これらの認知障害が持続するのか、回復するのか、回復の予測因子や軌跡とともに調査されるべきである。 Covid-19に関連した認知障害は、アルツハイマー病やその他の認知症のリスクを高める素因となるのだろうか?教育到達度、仕事の成果、事故による負傷、その他無傷の認知能力を必要とする活動への影響も評価されるべきである」と彼らは書いている。

ロングCOVIDを持つ人々に対する研究の意義

本研究の参加者は、英国におけるSARS-CoV-2の伝播を評価するReal-time Assessment of Community Transmission(REACT)研究において、約300万人からなるより大規模なコミュニティサンプルの一部であった。研究者らは、この研究の参加者がロングCOVIDであるかどうかについては言及していないが、長期COVIDの患者はしばしば持続的な認知機能障害を報告している。
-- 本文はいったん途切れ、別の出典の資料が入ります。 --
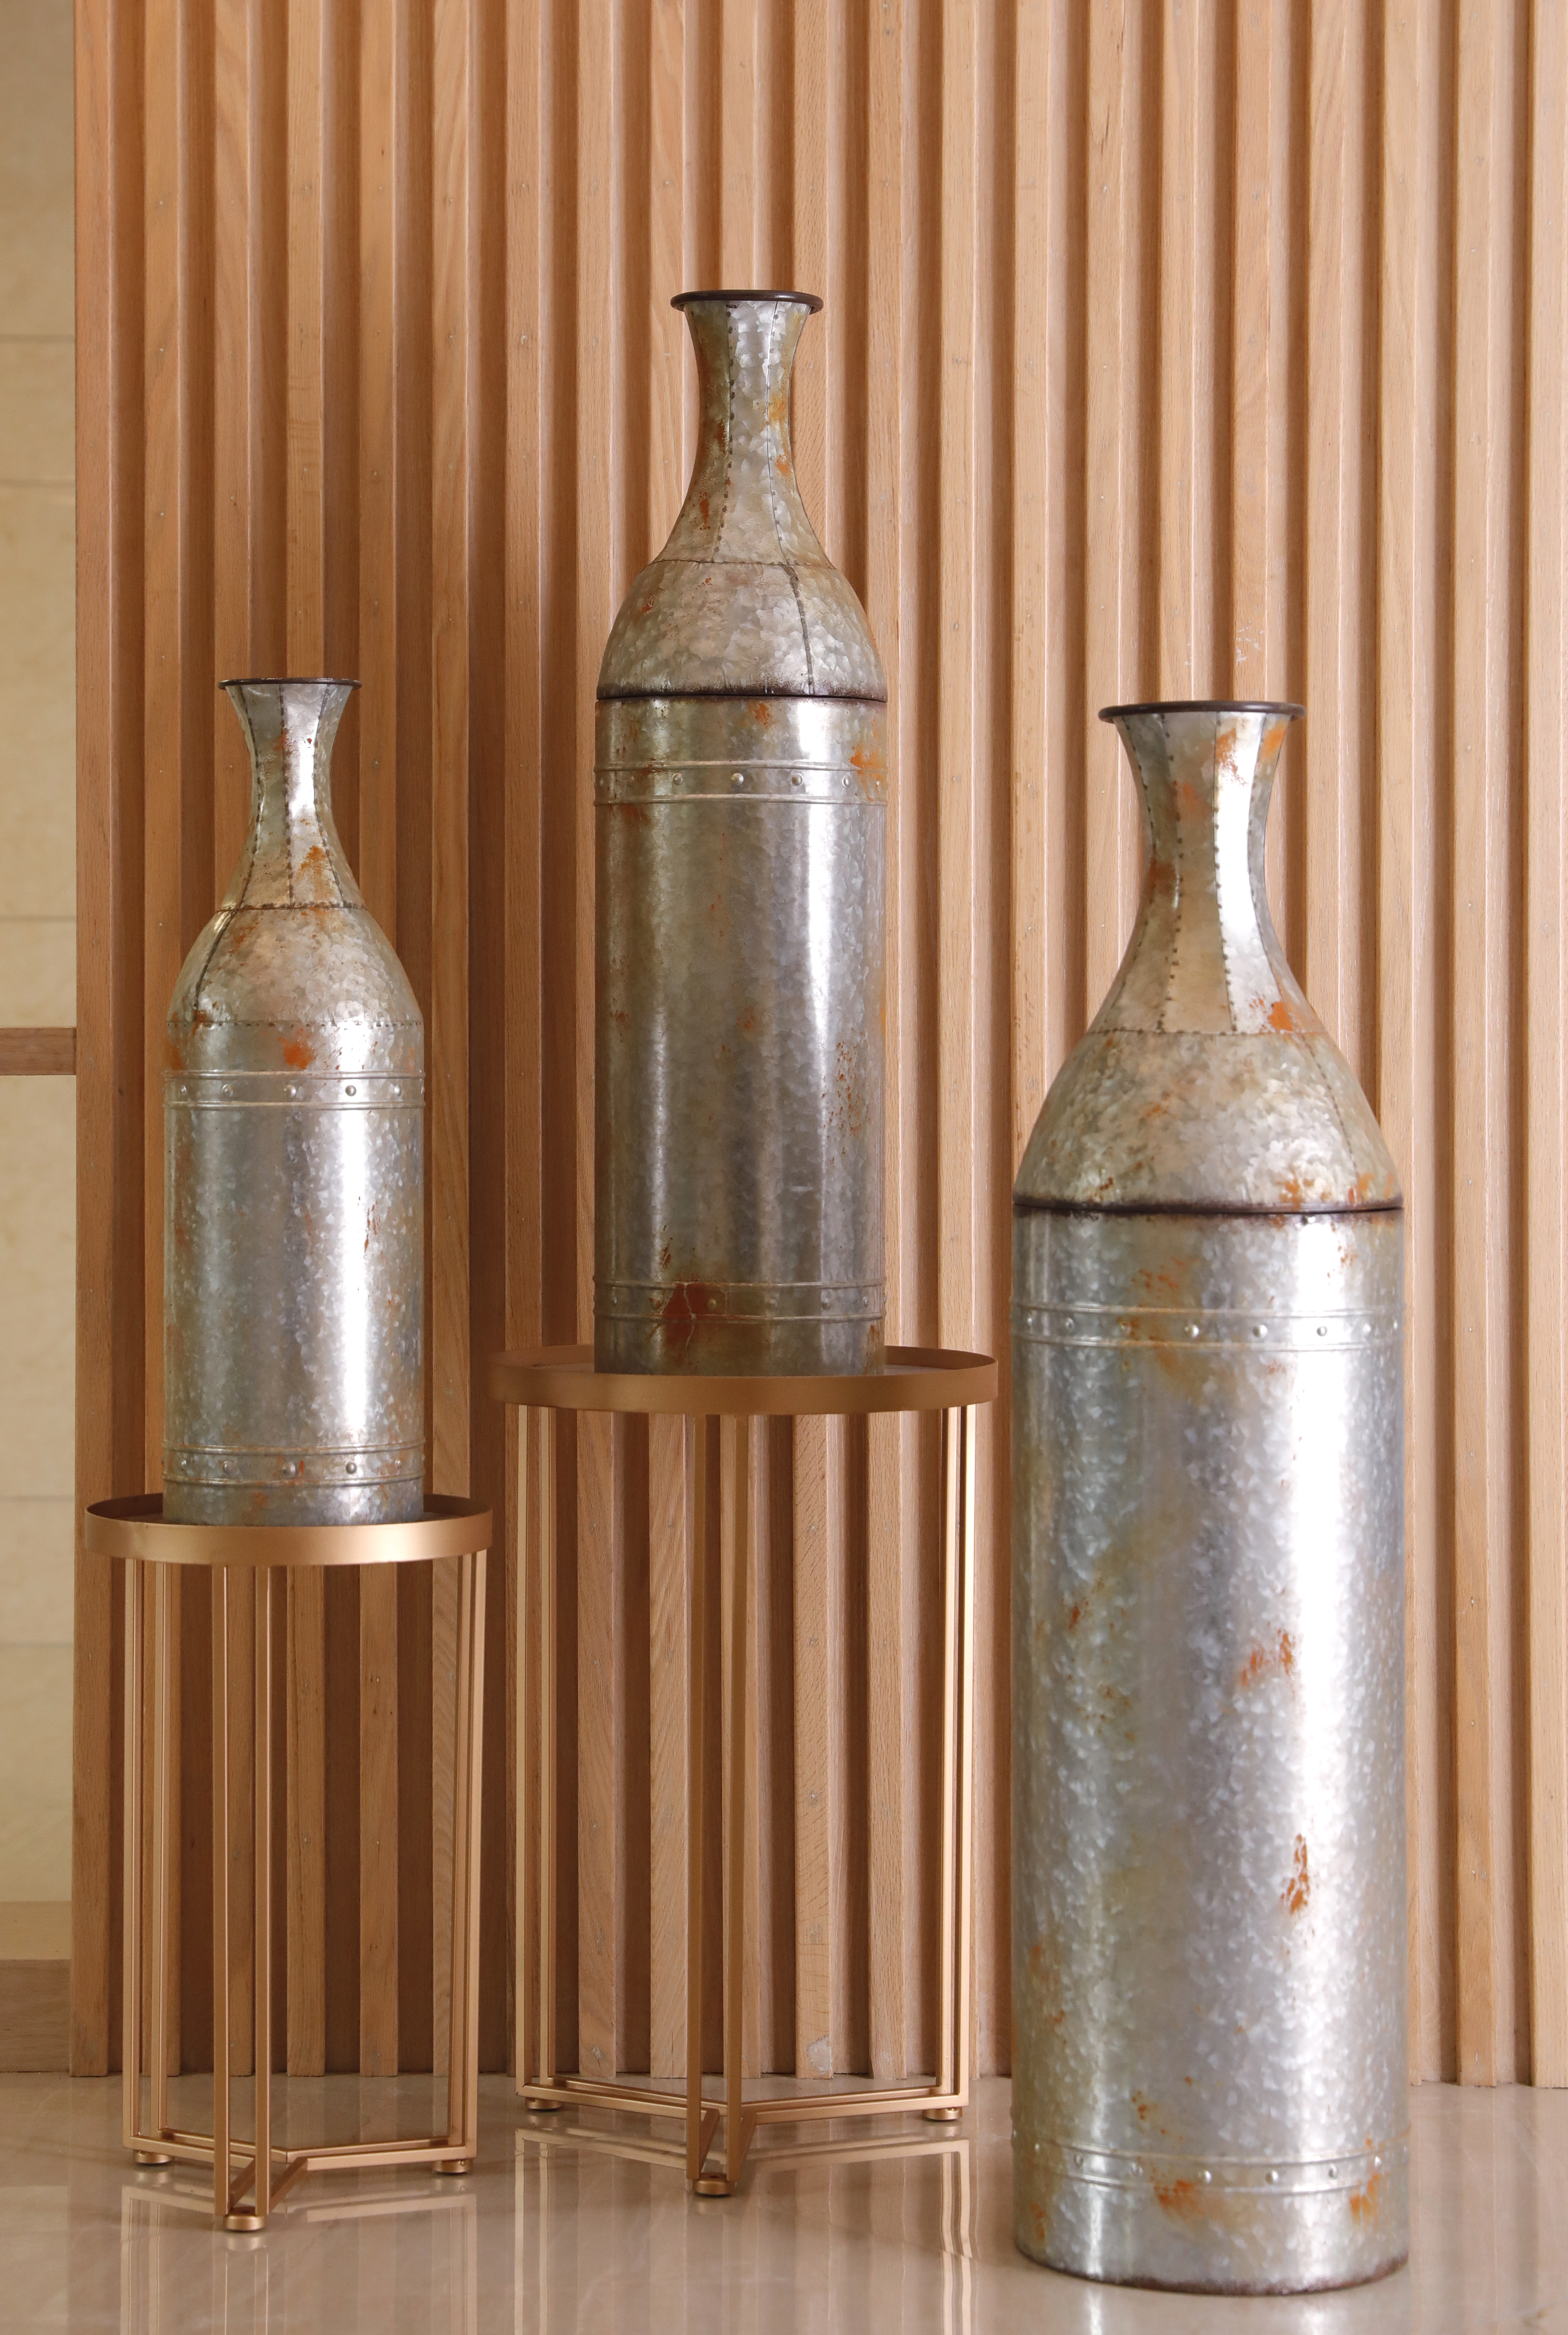 New Vintiquewise Rustic Farmhouse Style Galvanized Metal Floor Vase Decoration Ebay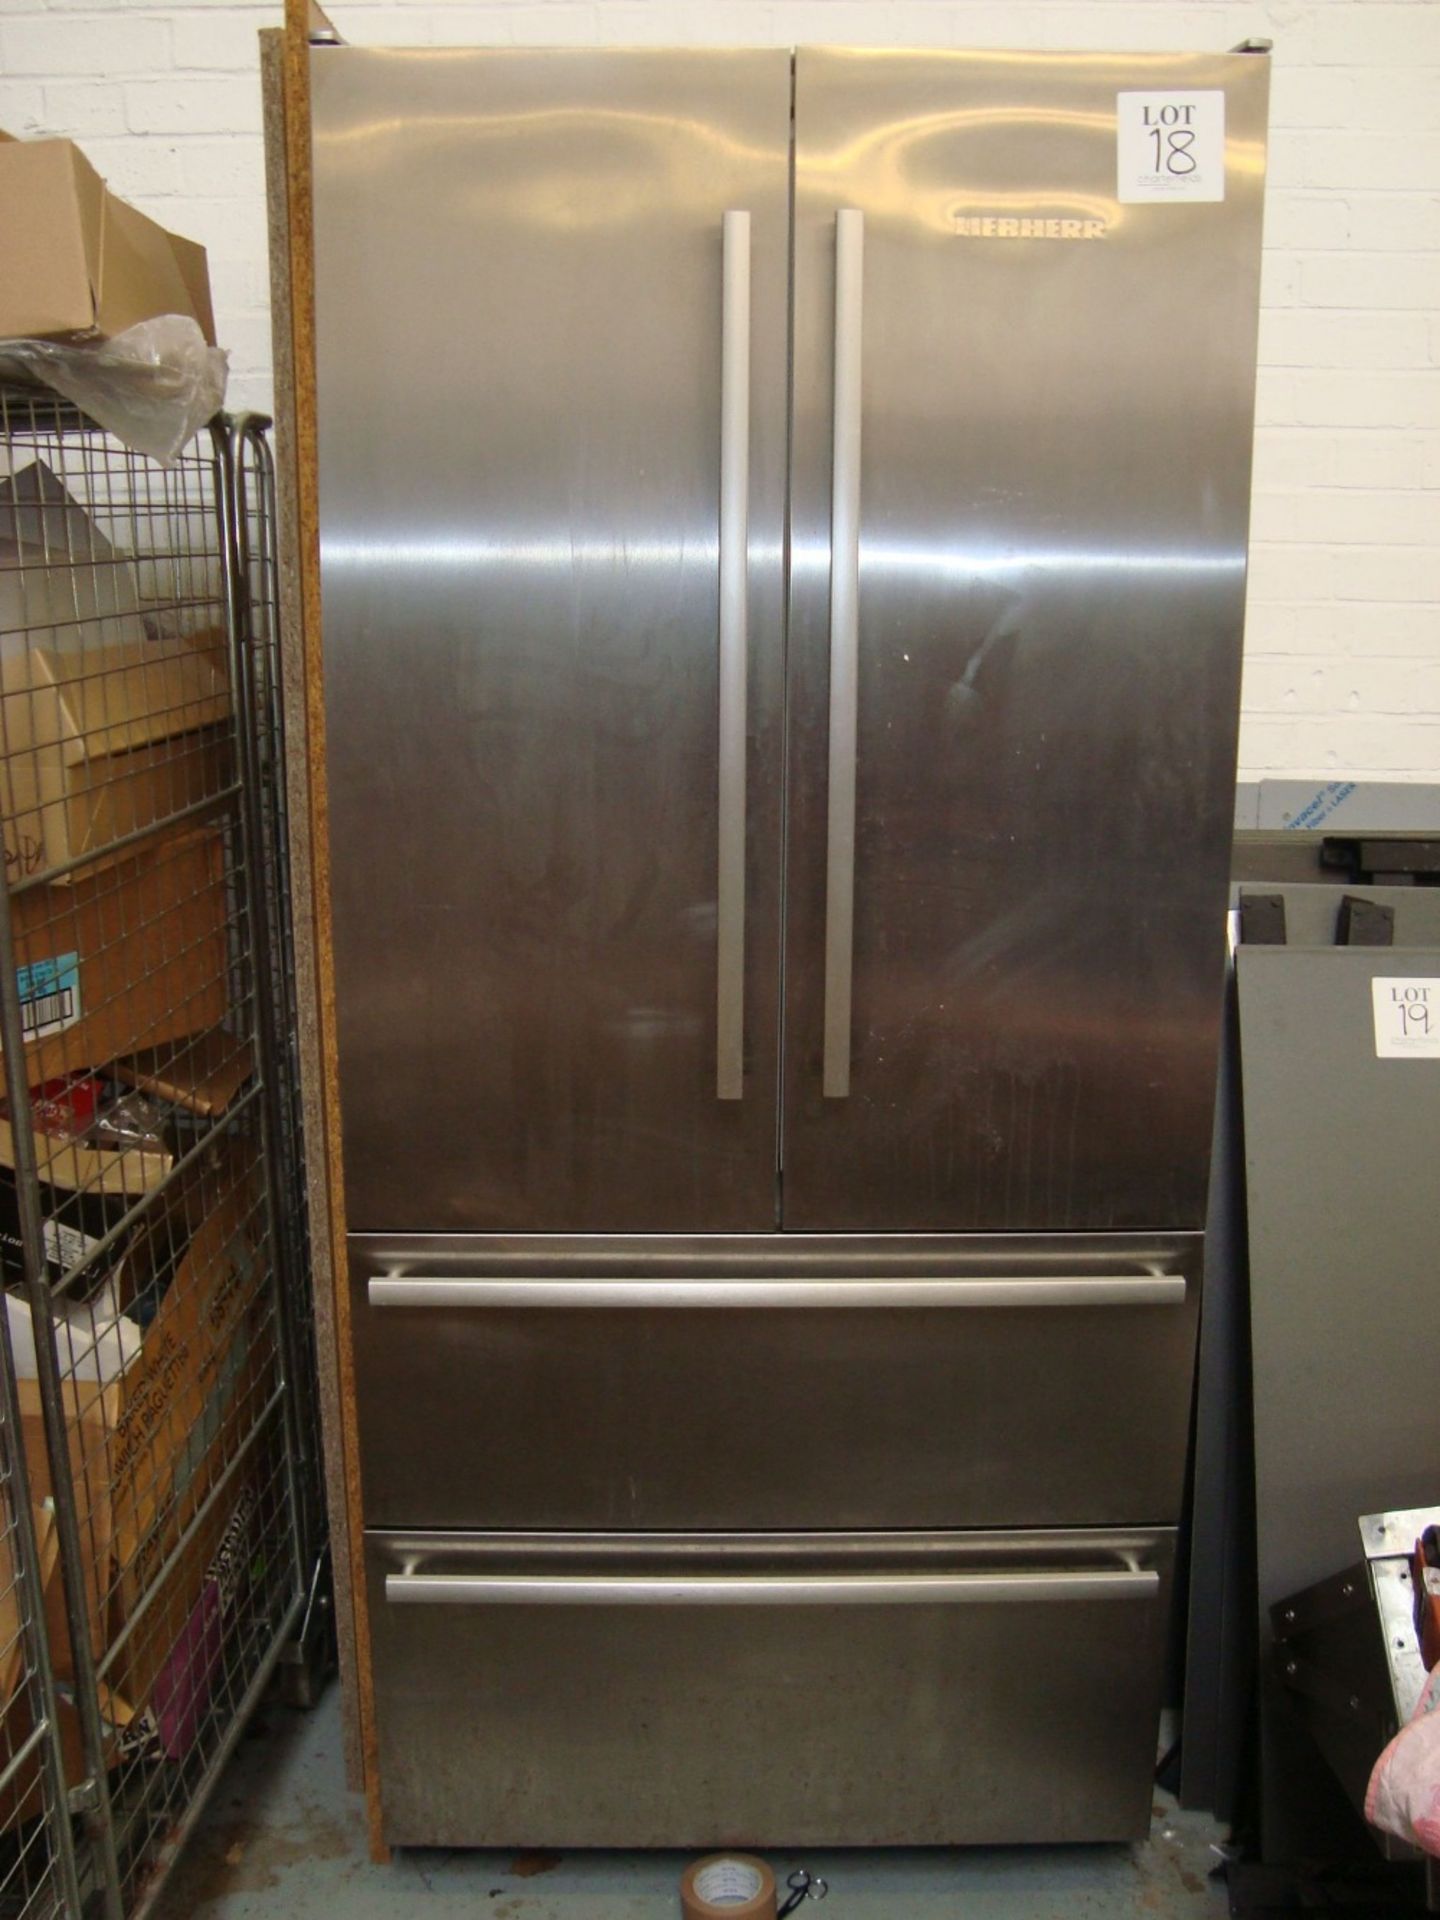 A Liebherr full height double door double drawer stainless steel fridge

この症状には普遍的な定義はない、しかし、米国疾病対策予防センター(CDC)は、ロングCOVIDを「急性COVID-19感染後に発症し続ける徴候、症状、状態」と広義に定義しており、「数週間、数ヵ月、数年」続く可能性がある。「ロングCOVID」という用語には、SARS-CoV-2感染の急性後遺症、長距離COVID、急性後COVID-19も含まれる。

2022年にCDCが行った調査では、米国成人の7%近くが長いCOVIDを経験したことがあると回答している。米国の規制当局は、COVID-19に対するワクチン接種が長期のCOVID発症リスクを低下させると主張しており、今回の論文では2回以上のワクチン接種がわずかな認知上の利点をもたらす可能性が示唆されているが、『Journal of Clinical Medicine』に掲載された最近の論文では、合併症の有無や感染の重症度と長期のCOVID症状の出現との間に有意な関連は認められなかった。

NEJMの研究には、症状が継続している人を特定するための主観的報告への依存や自己選択バイアスなど、いくつかの限界がある。

COVIDが長い人は調査に参加できたかもしれないが、より重度の障害を持つ人は調査に参加できなかったかもしれない。

さらに、ある特定のグループは、基本集団と比較して、この調査において過剰に発現していた。

SARS-CoV-2感染前のベースライン認知データも入手できなかったため、研究者たちは認知機能の変化を評価することも、因果関係を推測することもできなかった。